**Information shown:**
□ □ □ □

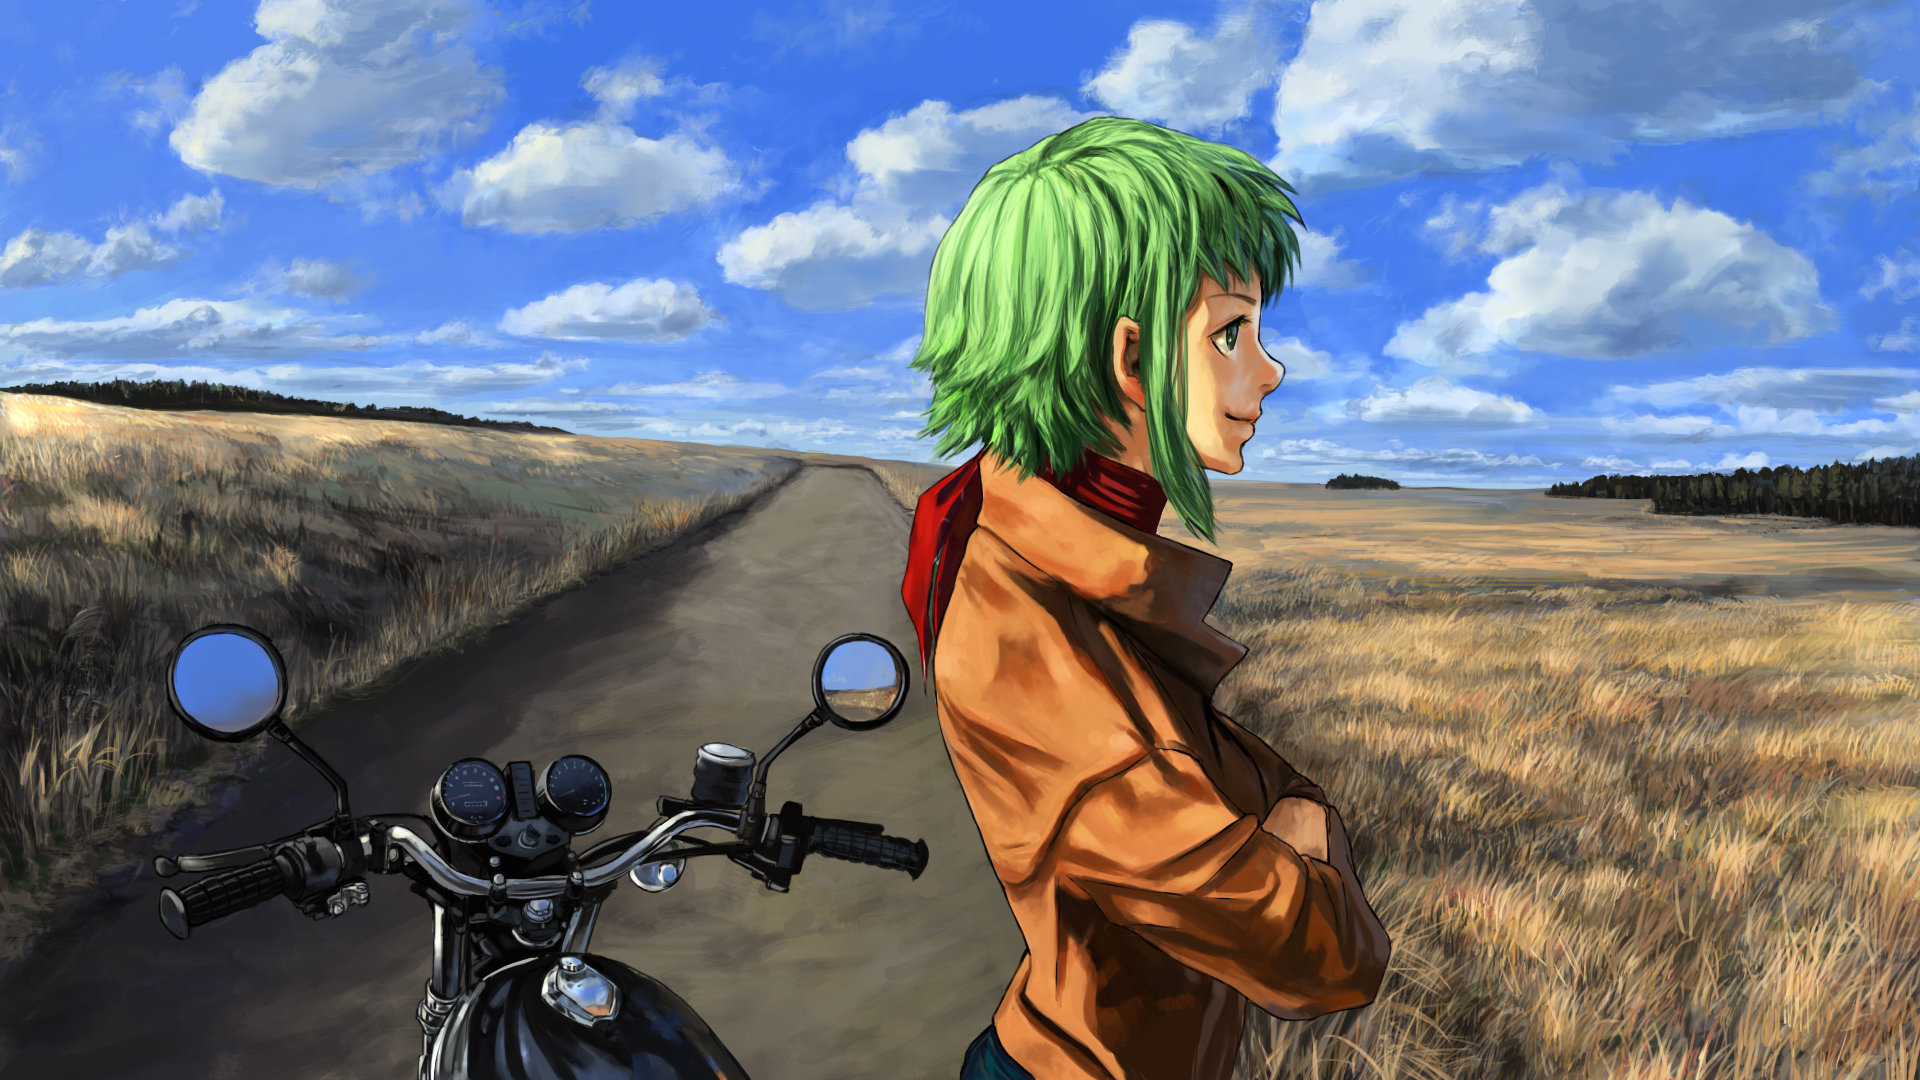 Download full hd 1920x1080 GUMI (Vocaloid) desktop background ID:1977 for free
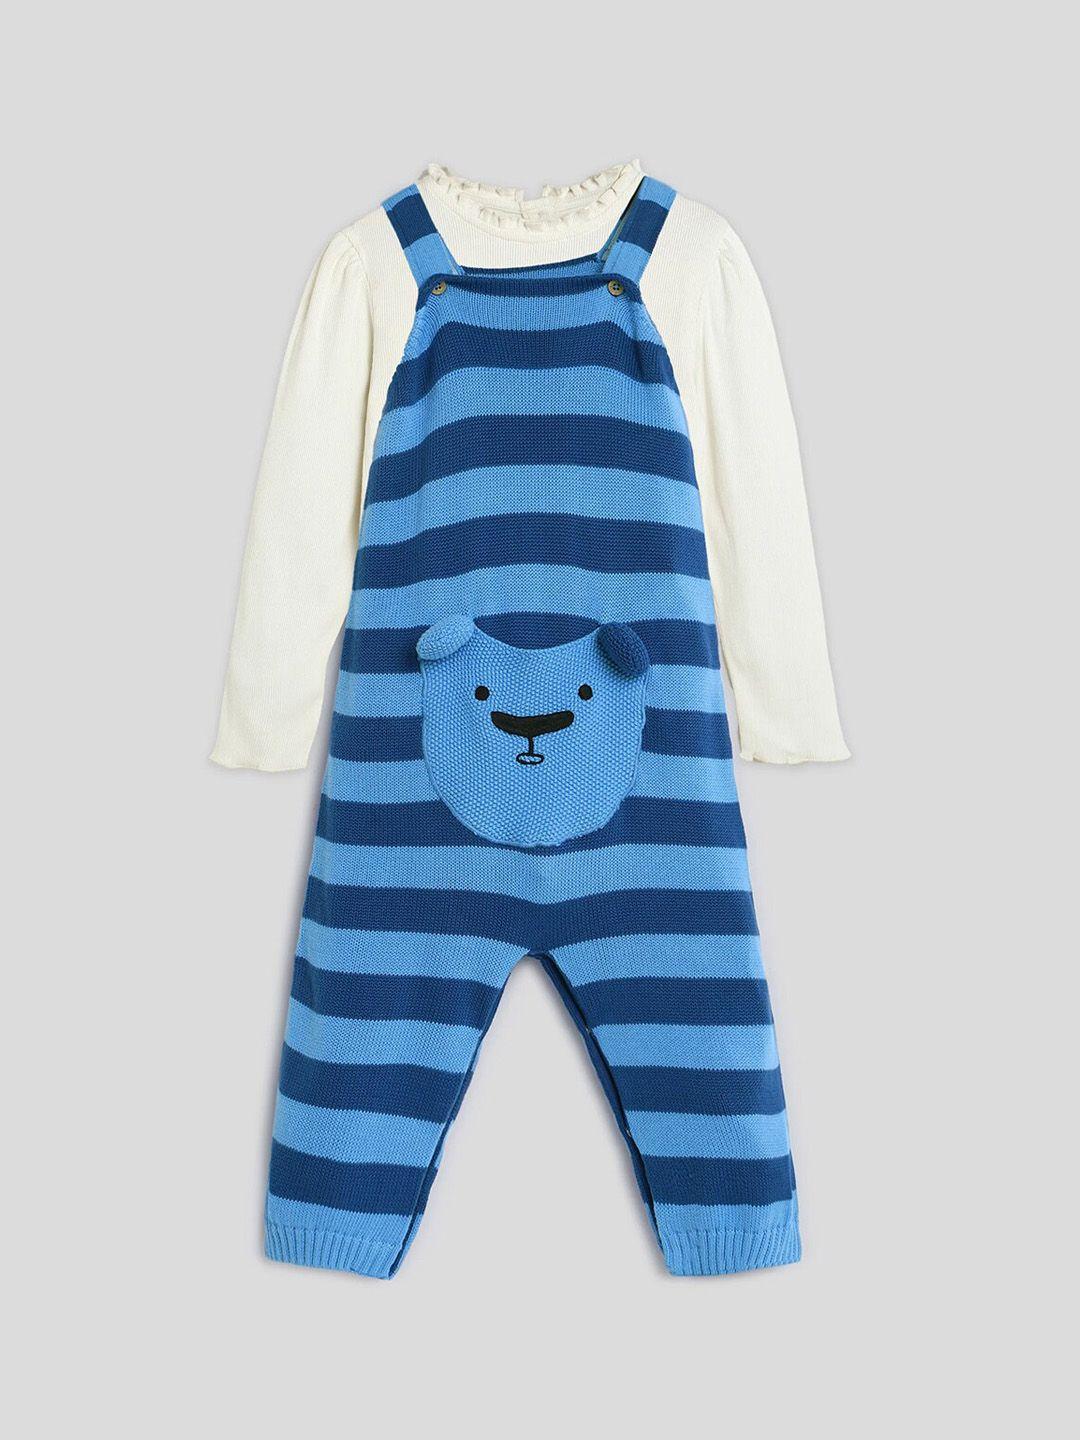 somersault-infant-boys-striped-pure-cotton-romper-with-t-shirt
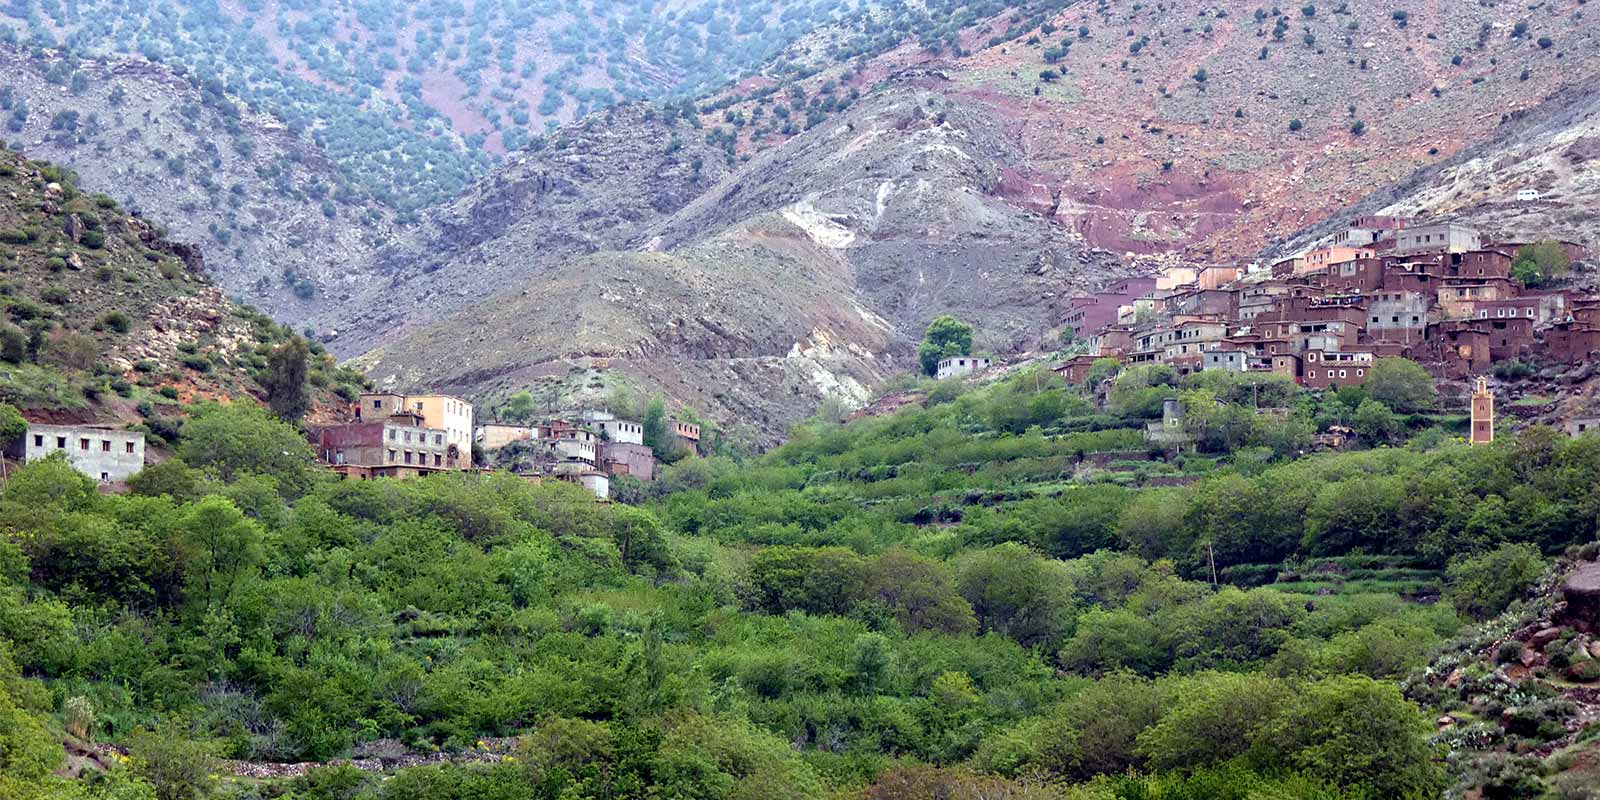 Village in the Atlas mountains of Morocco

□ □ □ □

**What is being asked:**
Without changing a single word, set down all of the material again and leave out its pictures.

**Problem solution:**
 Download full hd 1920x1080 GUMI (Vocaloid) desktop background ID:1977 for free
 somersault-infant-boys-striped-pure-cotton-romper-with-t-shirt
 Village in the Atlas mountains of Morocco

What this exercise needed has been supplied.